What are Graphene Cooling Materials? What are Their Uses?
Overview: As electronic devices and products evolve towards higher integration and computational power, the power consumption increases exponentially, making heat dissipation a pressing issue. So, what are graphene cooling materials, and what are their uses?
As electronic devices and products evolve towards higher integration and computational power, the power consumption increases exponentially, making heat dissipation a pressing issue. So, what are graphene cooling materials, and what are their uses?
1. About Thermal Conductivity
Traditional thermal conductive materials primarily include metals (silver, copper, aluminum, etc.), metal oxides (Fe2O3, BeO, Al2O3, etc.), and other non-metallic materials (graphite, carbon black, AlN, etc.).
Historically, traditional cooling materials like copper and aluminum have been used in the heat dissipation field for electronic devices and products. Recently, graphene cooling materials have emerged as a new type of cooling material. They are considered highly competitive due to their excellent thermal conductivity, rapid heat dissipation (through air convection), light weight, and good flexibility.
2. Principle of Graphene Cooling Materials
Graphene cooling materials are two-dimensional carbon nanomaterials composed of carbon atoms arranged in a hexagonal honeycomb lattice with SP hybrid orbitals.
Graphene cooling materials exhibit excellent optical, electrical, and mechanical properties, making them highly promising in fields such as information science, micro-nano processing, energy, biomedicine, and drug delivery. They are considered future reactive materials.

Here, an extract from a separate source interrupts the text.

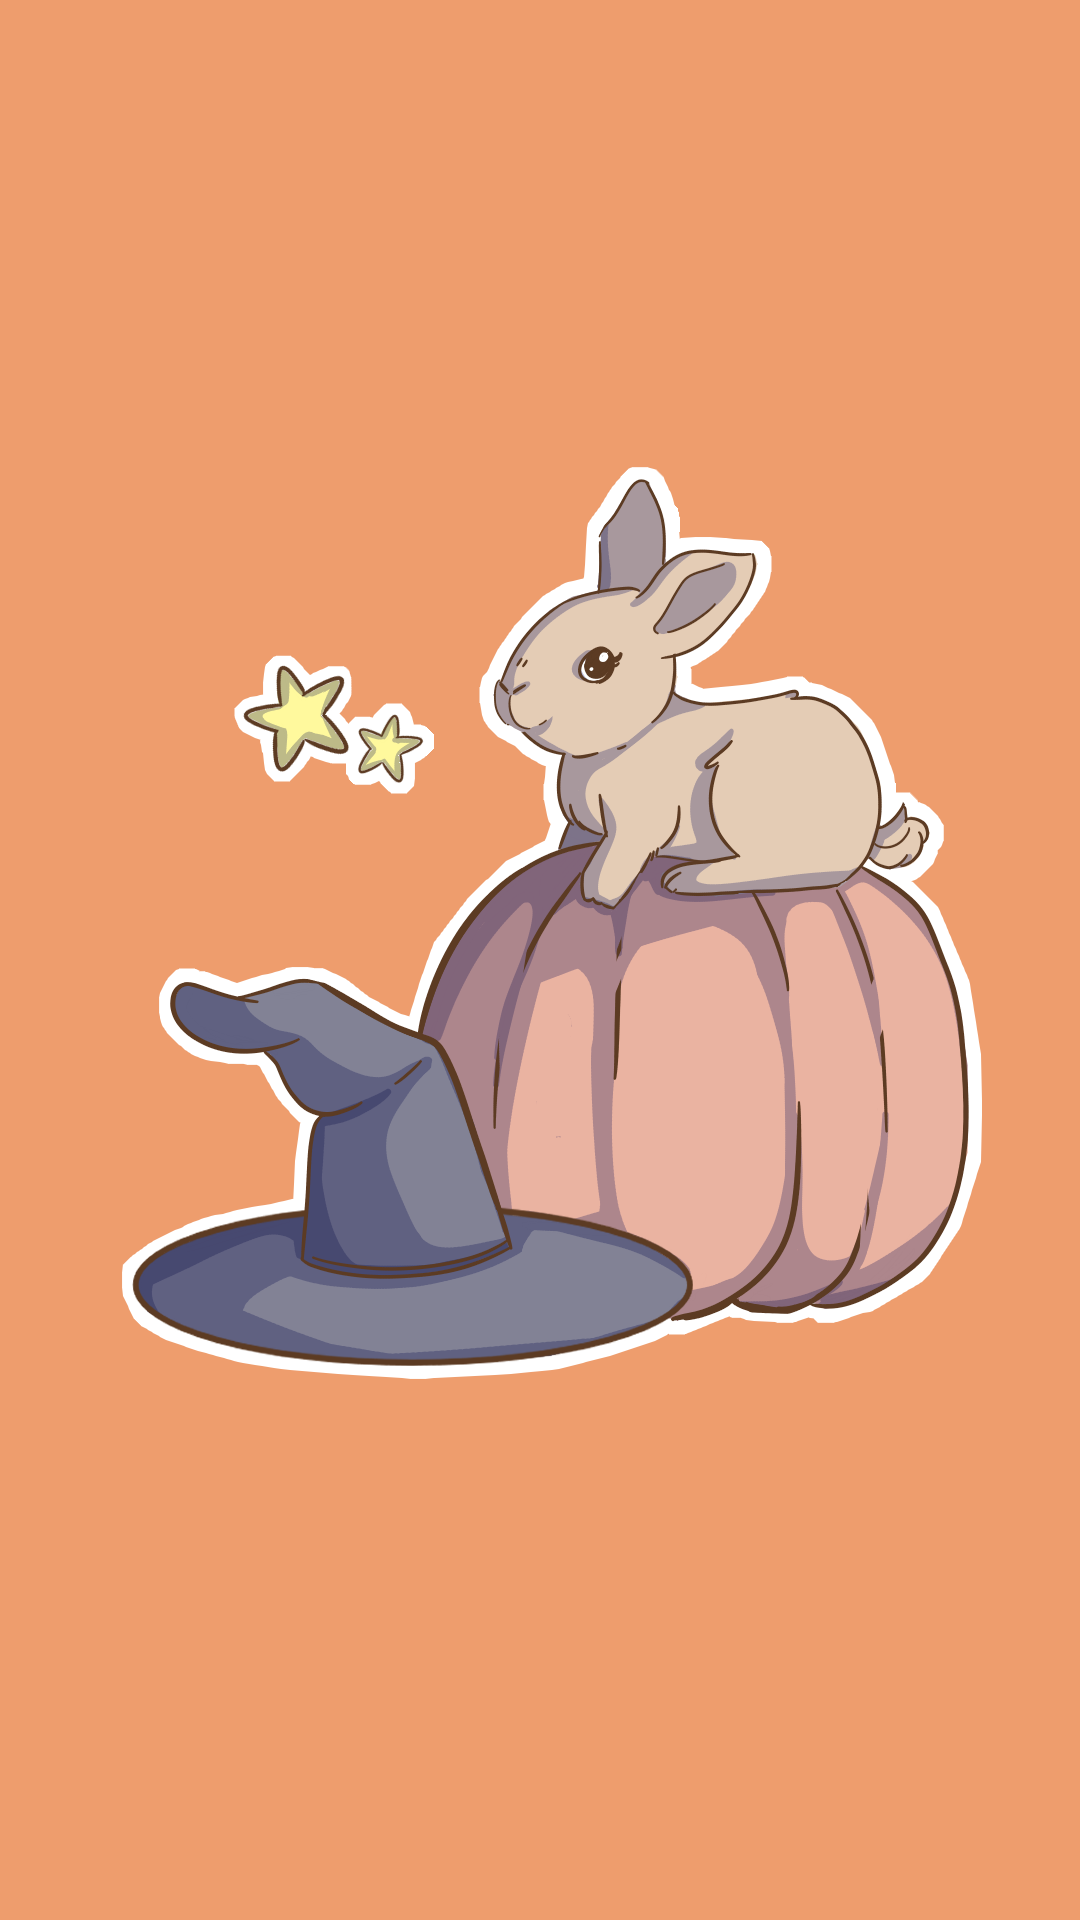 I made this Halloween wallpaper for your phone ♥ Hoppy Halloween

Graphene cooling materials are among the strongest known materials while also possessing good flexibility and the ability to bend. Graphene’s theoretical Young’s modulus is 1.0 TPa, and its intrinsic tensile strength is 130 GPa. Modified graphene cooling materials using hydrogen plasma also exhibit excellent strength, with a uniform modulus reaching up to 0.25 TPa. Graphene paper composed of graphene sheets has many pores, making it brittle. However, functionalized graphene obtained through oxidation, when made into graphene paper, becomes solid and tough.

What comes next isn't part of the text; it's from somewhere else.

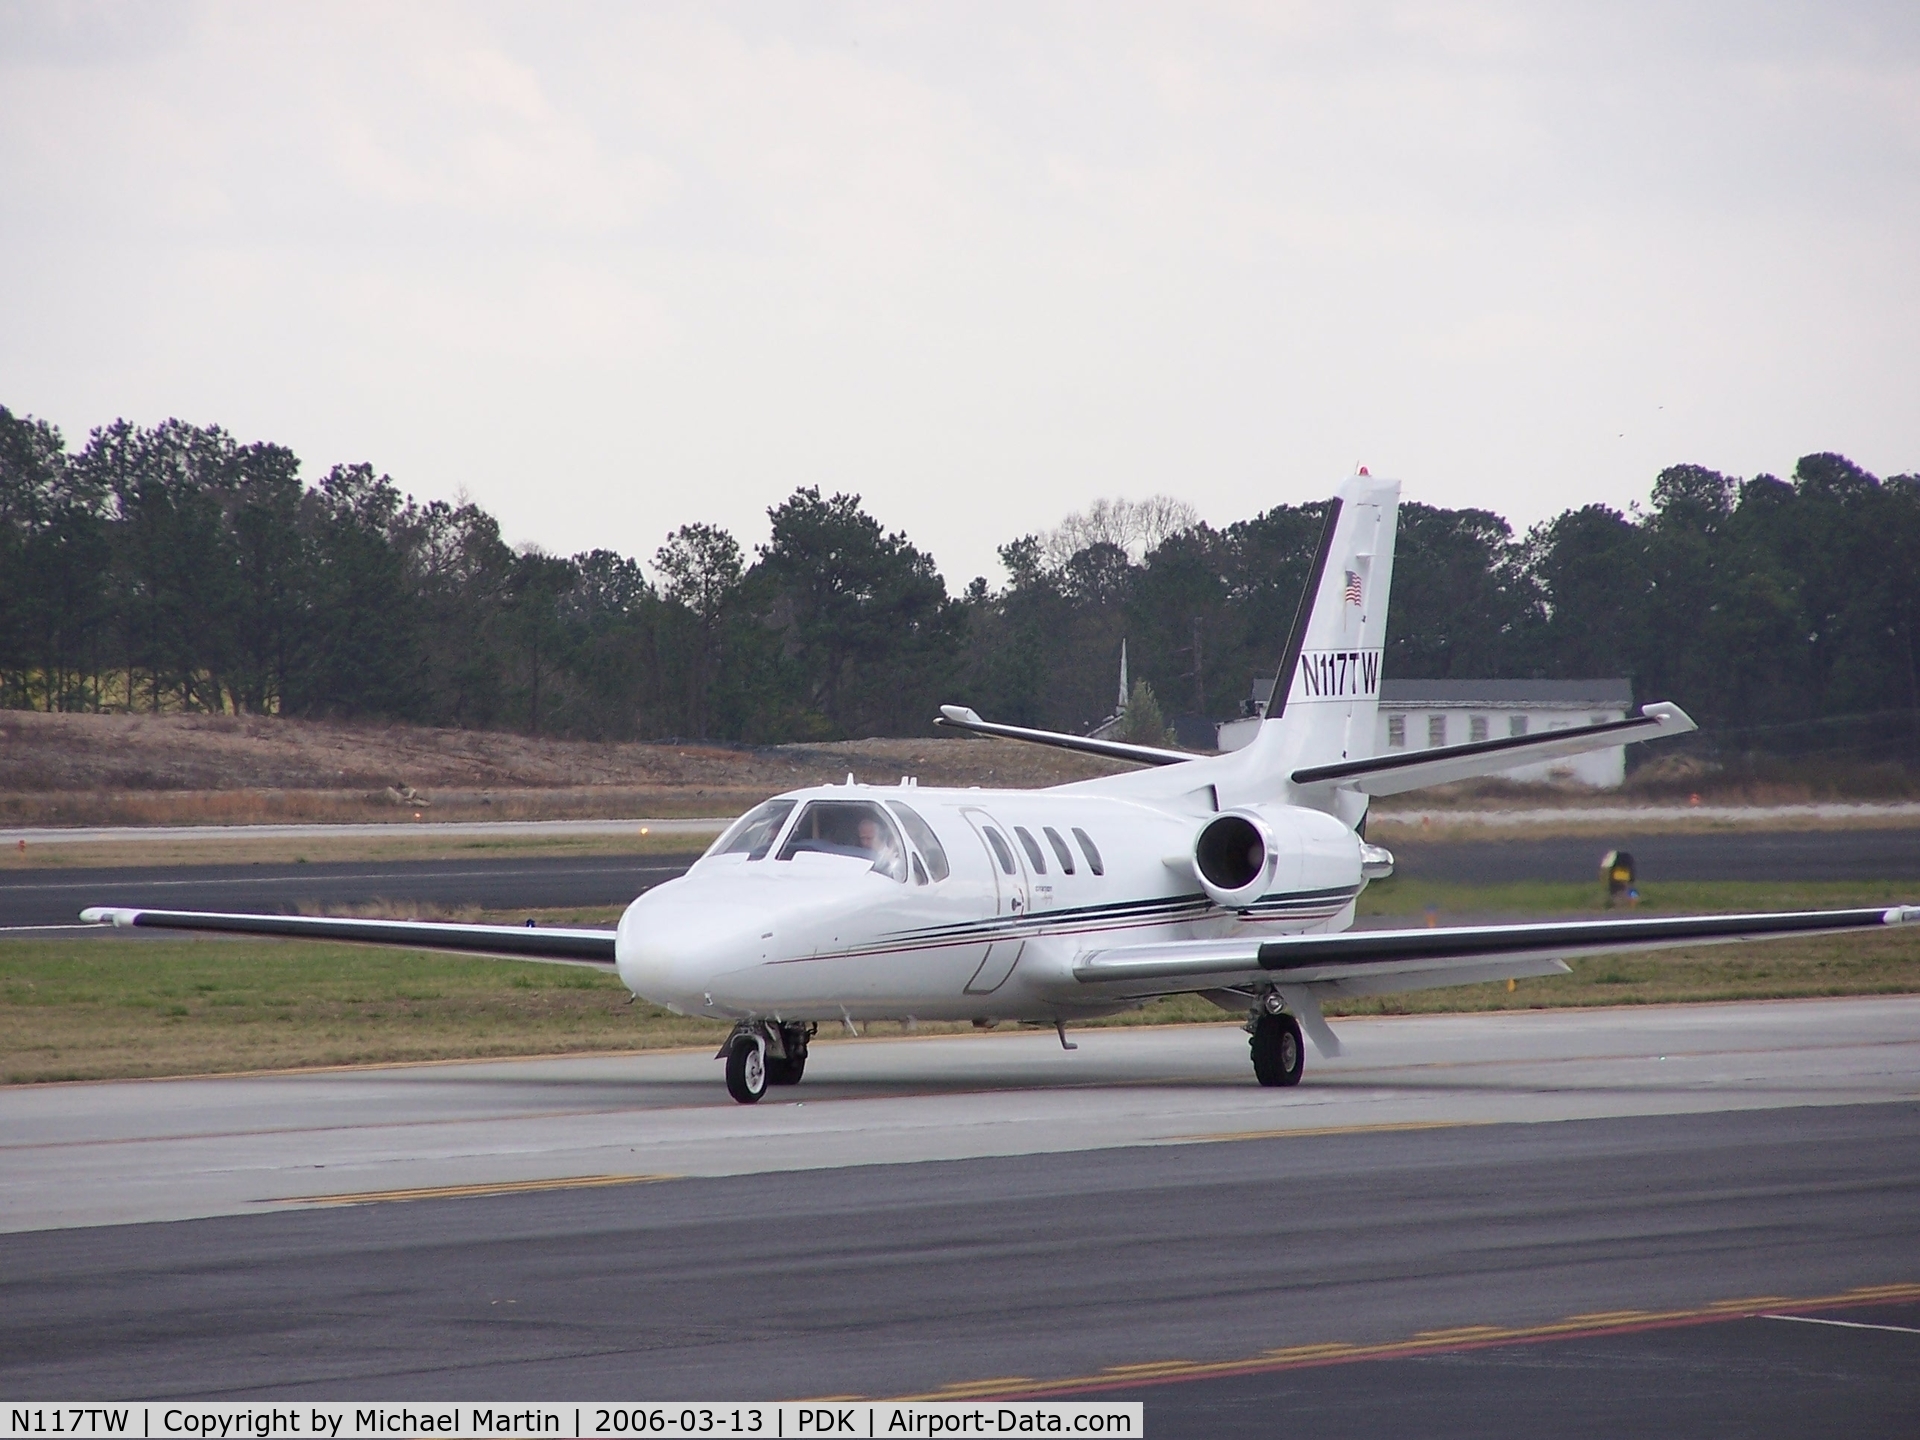 N117TW, 1972 Cessna 500 Citation I C/N 500-0059, Taxing from Mercury Air Service

Graphene cooling materials have outstanding thermal conductivity. Pure, defect-free single-layer graphene has a thermal conductivity as high as 5300 W/mK, which is the highest known for carbon materials, surpassing single-walled carbon nanotubes (3500 W/mK) and multi-walled carbon nanotubes (3000 W/mK). When used as a carrier, its thermal conductivity can reach 600 W/mK. Additionally, the ballistic thermal conductivity of graphene can lower the ballistic thermal conductivity limit per unit circumference and length of carbon nanotubes.

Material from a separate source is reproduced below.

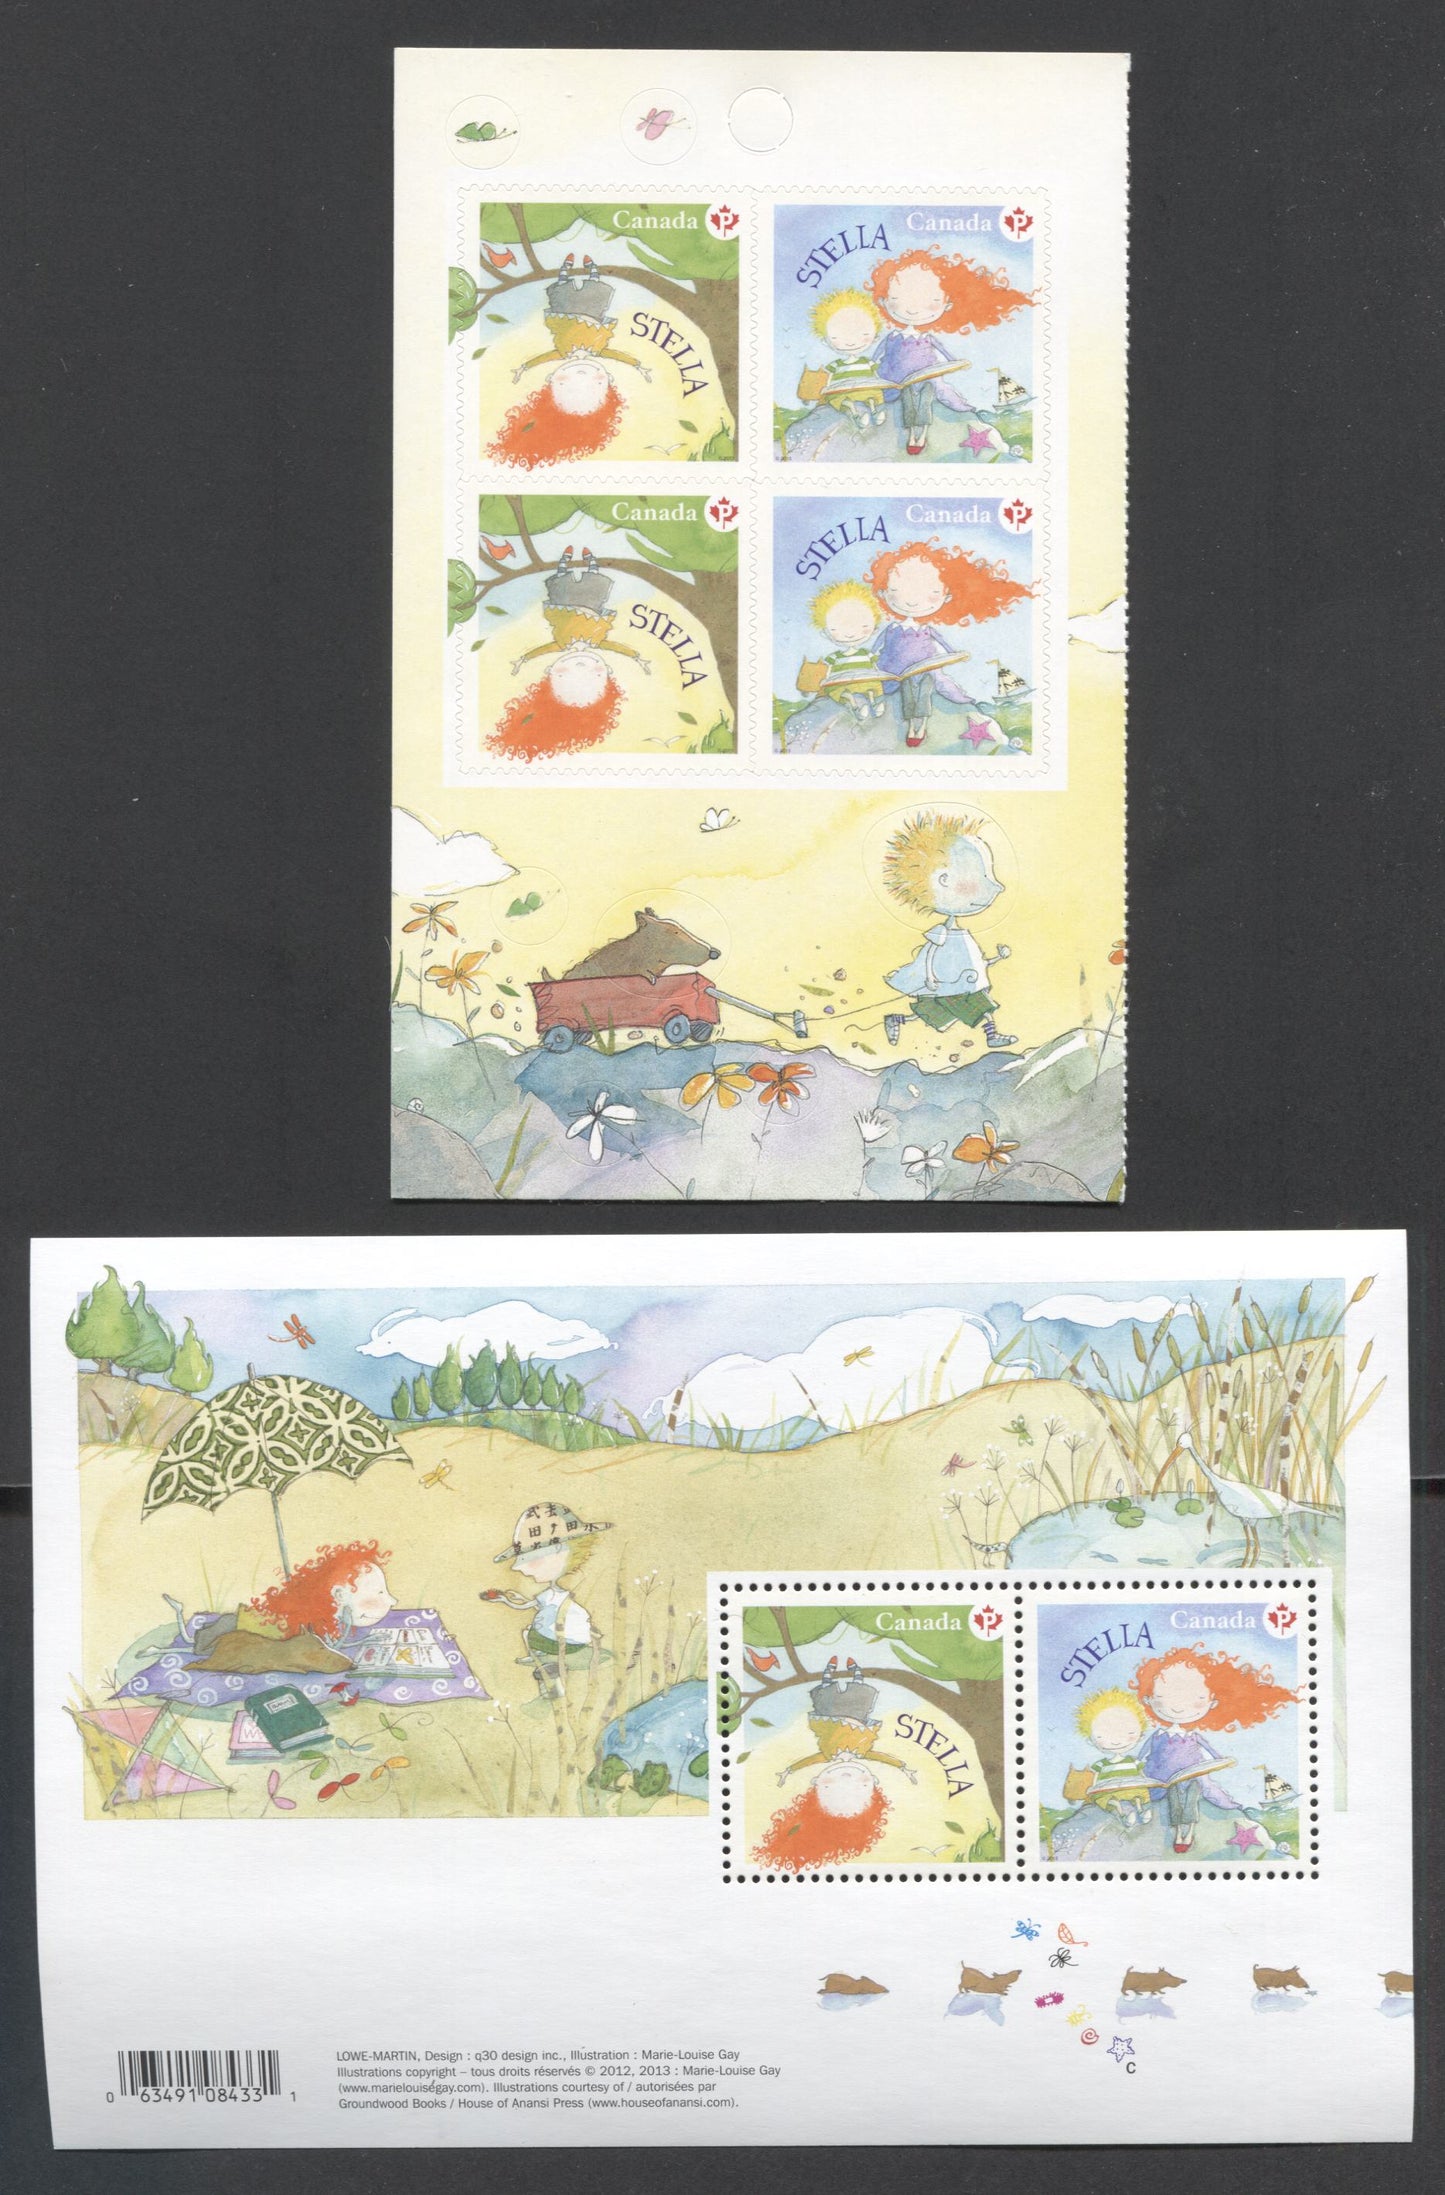 Lot 4 Canada #2652-2654 P(63c) Multicolored Hanging From Tree-Reading Book, 2013 Stella, 2 VFNH Booklet Pane Of 4 & Souvenir Sheetlet

Graphene cooling materials also have excellent optical properties, with an absorption rate of about 2.3% over a wide wavelength range, making them almost transparent. In the range of several graphene layers’ thickness, the absorption rate increases by 2.3% for each layer of graphene thickness.
Large-area graphene cooling materials exhibit excellent optical performance, which varies with the thickness of the graphene. This is due to the unusual low-energy electronic structure of single-layer graphene. By applying voltage to a dual-gate double-layer graphene field-effect transistor at room temperature, the bandgap of graphene can be adjusted between 0 and 0.25 eV. When a magnetic field is applied, the optical response of graphene nanoribbons can be tuned to the terahertz range. Thermodynamically, the heat dissipation of graphene cooling films in graphite radiators includes methods such as conduction, convection, and radiation.